A Skills Shortage, Not a Worker Shortage

I convened the National Skills Summit because I believe we must do everything we can to make the promise of America the practice of America. We have an unprecedented challenge to find the new talent so urgently needed to continue to grow our economy.

I have often said that we do not have a worker shortage, we have a skills shortage. There is an important difference. To say there is a worker shortage is to say the people we need do not exist. But they do exist. I know some of them personally, and so do you. They are people with bills to pay, children to raise, and dreams to pursue. What they lack are the skills demanded by today's economy.
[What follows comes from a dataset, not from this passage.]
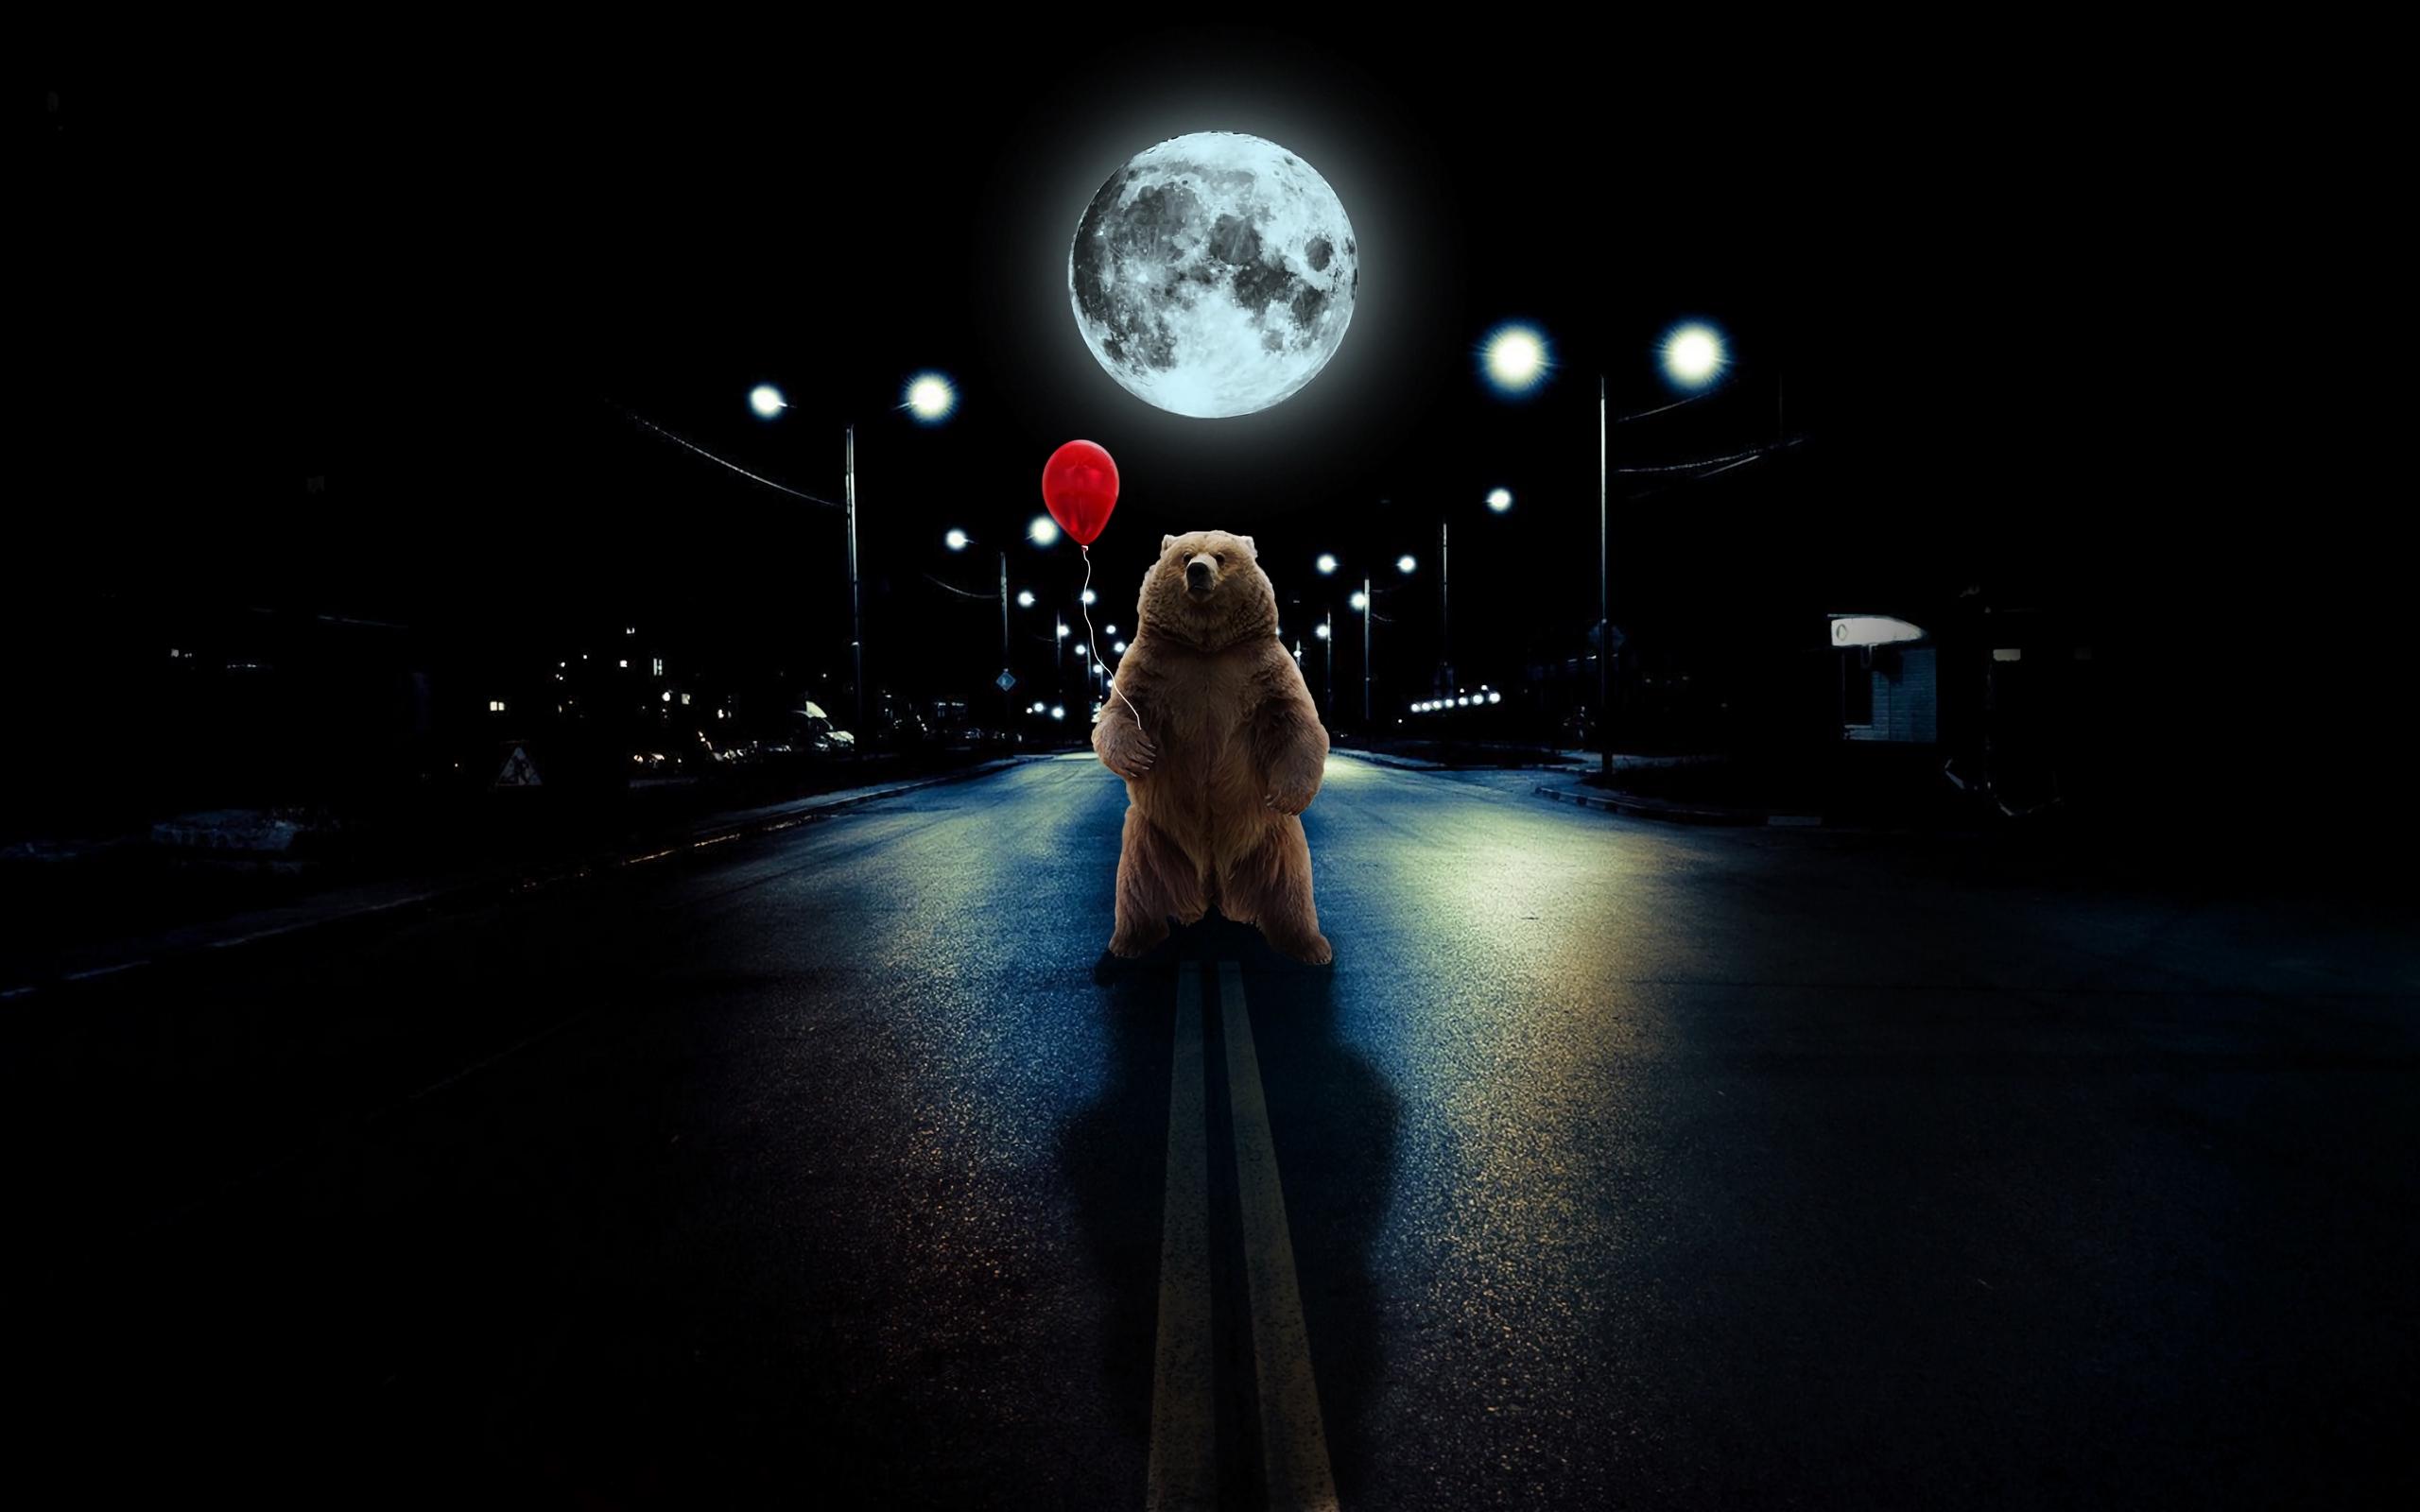 Download wallpaper 2560x1600 bear, balloon, full moon, road

Nowhere is America's skills shortage more acute than in the burgeoning high-tech field. For our nation to prosper, every American must have access to training in the high-tech skills that are necessary to compete in today's labor market. And we must train workers already on the job so they have access to high-tech skills that can make or break career success.

Our economy is strong - unemployment is at a near-30-year low, inflation is low and stable and more than 22 million jobs have been created since the Clinton-Gore Administration took office. There couldn't be a better time to invest in America's untapped labor potential and to support workers as they compete in the digital-age economy.

It will take the partnership of government, community, labor, and business to ensure that no one is left behind in the dynamic economy of the 21st Century. As the examples presented here show, we are learning that partnership leads to innovation, that innovation creates solutions, and that training pays off for everyone.

I think you will be inspired - and challenged - by the "innovative practices" detailed here. They can be a blueprint for continuing to strengthen and expand our prosperity in every community across our nation.